The Curious Case of Silver Elite
LLM sentences sometimes go off the rails.
On Youtube, creator Meredith Novaco posted a video dissecting Silver Elite by Dani Francis, a book that’s caused a stir in the weird little corner of the internet known as “BookTok” — a nickname that suggests a broader reading community, but IRL, IMO, BookTok mostly revolves around romantasy (fantasy novels that follow romance-genre plot rules).
That’s probably more detail than you wanted already. But oh, there’s more.
Novaco suspects that Del Rey Books, an imprint of Penguin Random House, may have conjured an author and prompted a large language model (LLM) to write a novel based on elements from Suzanne Collins’s The Hunger Games (you’ve heard of it; the series sold over 100 million copies and counting), and Rebecca Yarros’s Fourth Wing (a 2023 viral hit that sold 2.7 million copies upon release).
Her theory: Del Rey allegedly told a team of staffers to prompt an LLM over and over until they had something publishable. (Allegedly! Don’t sue us, Del Rey.) The team may have fed those two blockbuster titles into the model; the resulting similarities in plot, character names, and key events are simply too on the nose.
On top of this, Novaco points out, “Dani Francis” appears to be a ghost from the machine—no photos, no social media presence, no public appearances, not even a LinkedIn page. To say that’s unusual for a viral BookTok author is like saying the Library of Alexandria was a decent little book nook.
These points alone would’ve won me over to Novaco’s theory. But what truly sealed the bindings was her sentence analysis—the way she shows where LLMs lose the plot. Predictive text can lead a language model’s sentences down a primrose path that ends in brambles. If you know what to look for, Novaco insists, you can spot AI-crafted fiction a mile away.

Prediction, Not Creation
I’m human. When I write, I’m thinking. Sometimes I think for a long time—and like most writers, the blinking cursor mocks me.

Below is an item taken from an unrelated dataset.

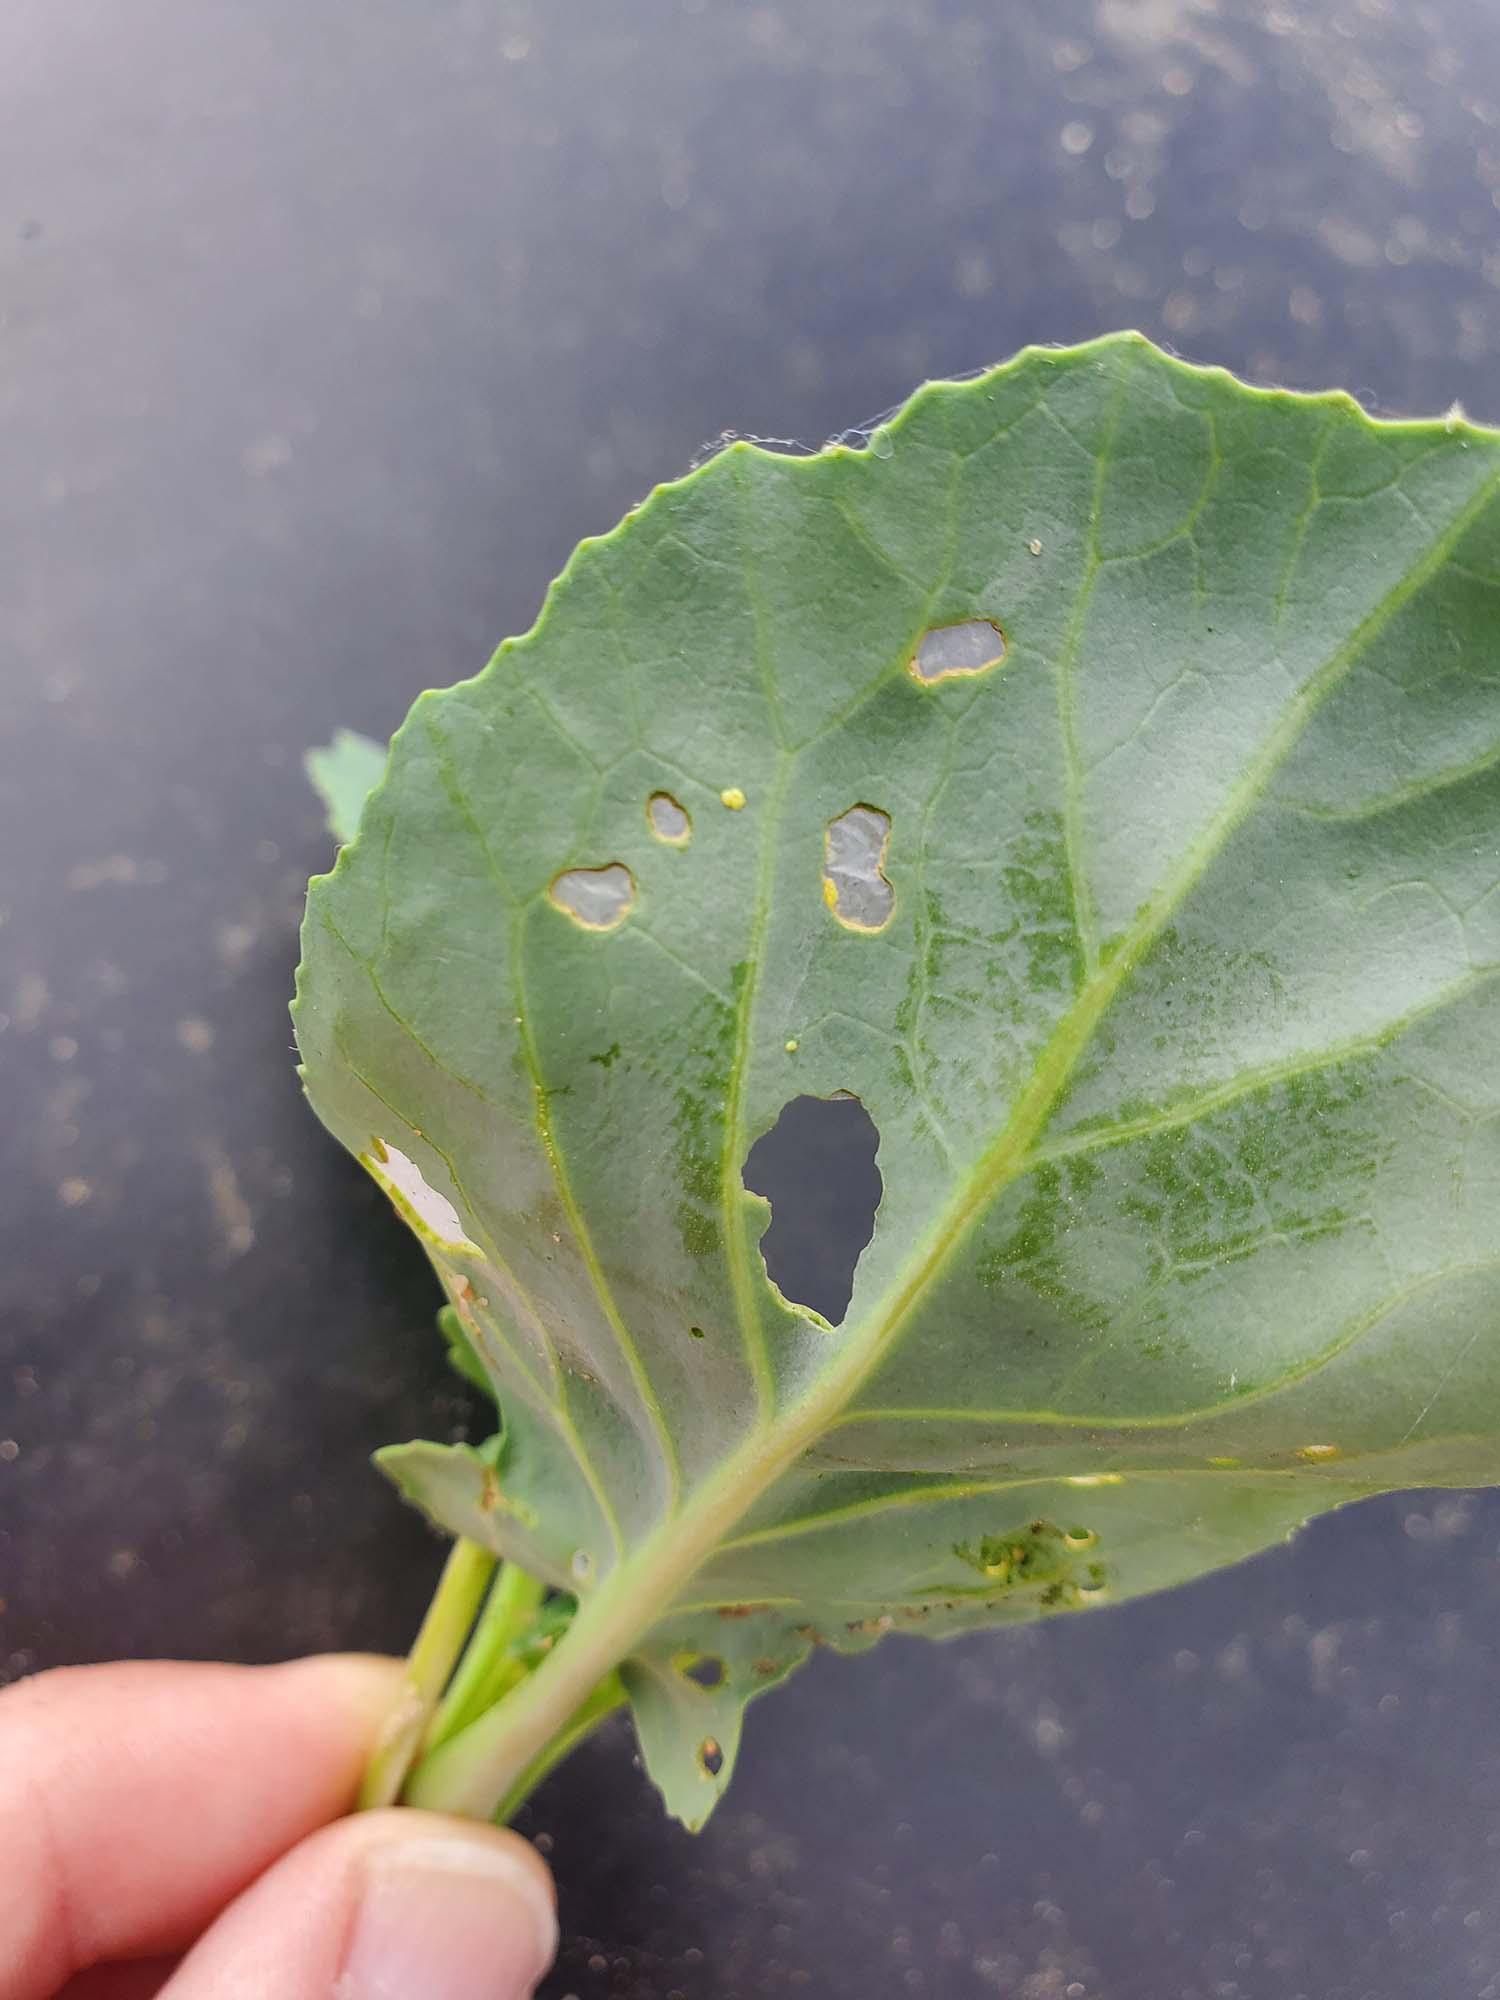 Cucumber beetle damage to leaf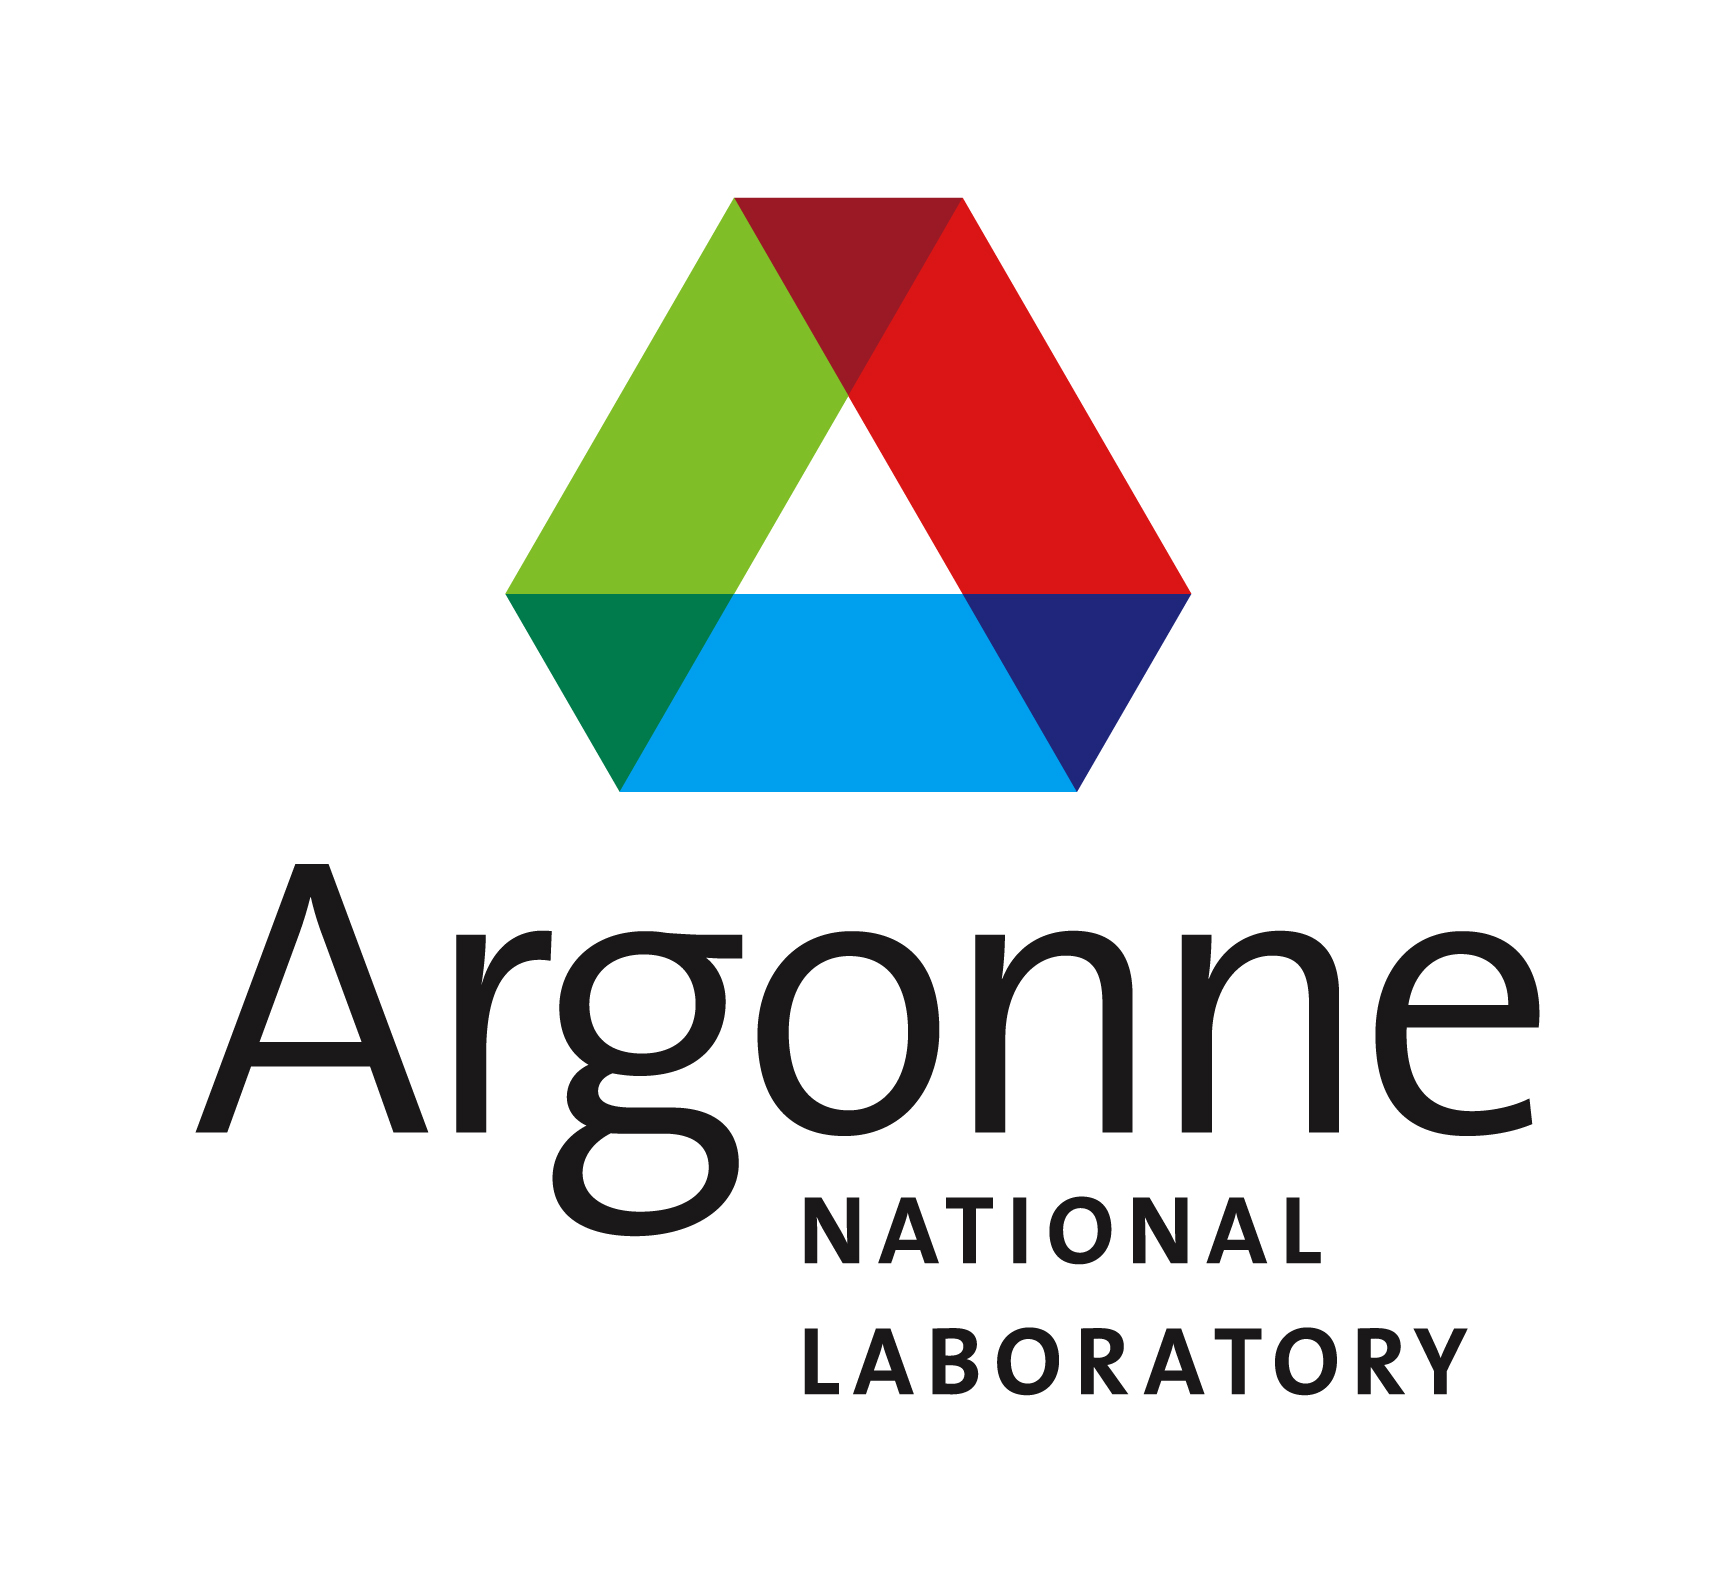 http://www.net4info.de/photos/cpg/albums/userpics/10002/Argonne_National_Laboratory_.jpg

When an AI writes, it’s predicting. It never suffers the curse of the blank page or that damn flashing vertical line.
ChatGPT, Gemini, Claude—these models aren’t brainstorming or reminiscing or deciding what sounds good out loud. They’re guessing the next most probable word based on all the words that came before. They’ve read billions of examples of human writing. We’re quite predictable, it turns out.
So, like a squirrel racing up a tree, an LLM follows branches—word after word after word—until the squirrel finds himself with a complete sentence. And then it jumps onto the next one, forgetting all about that spent branch.

You’ve already seen this at work in your phone’s predictive text. Type “I went to the store to buy…” and the model runs through millions of possibilities: milk, groceries, a gun, some peace and quiet. Each has a probability score. The algorithm selects the word that statistically fits best, given the patterns it’s learned.
It’s not “thinking.” It’s two maths in a trench coat pretending to be a muse.
The Sentence-Structure Tell
Novaco makes points I hadn’t heard anyone articulate before. I’ve worked with ChatGPT for over a year, and my experience taught me it’s a terrible fiction writer (for now). Its sentences manage to be both strange and banal at the same time. The absence of a body—of sensory experience—is painfully obvious.
She shows how these sentences can take a “weird turn”: grammatically correct, sensorially absurd.
For instance:
“The cell is painted a dull shade of gray that hurts my eyes.”
Dull shades don’t hurt our eyes. Neon ones, sure. Dull ones? Not so much. And while millennial gray might make our eyes roll, it doesn’t sting them.
Another example:
“Our quiet footsteps echo off the concrete walls, muffled by the linoleum floor.”
Setting aside the choice to reference linoleum in a fantasy novel (what?), the physics are all wrong. An LLM hasn’t walked a cold, echoing hallway. It doesn’t know that quiet footsteps don’t echo—by their very nature—and that linoleum muffles nothing. Grammatically, the sentence is fine. Functionally, it’s nonsense.
LLMs are trained to avoid syntactic risk. Their default is the safest, most probable way to arrange information. But when humans write, we build images that reflect emotion and follow the folklore of human physics.
The Human Sense
Novaco’s video fed my soul. Psycholinguistic analysis is exactly the right way to root out AI writing. She highlighted passages that felt human—then contrasted them with stretches of unmistakable AI slop.
For those of us who’ve been working closely with LLMs, it was exhilarating to see someone break down, line by line, what rushed, AI-assisted fiction looks like.
Because the sentence tells the story—and when the sentence rings false, it’s not the plot that gives the AI away. It’s the empty echoes of its uncanny literary valley.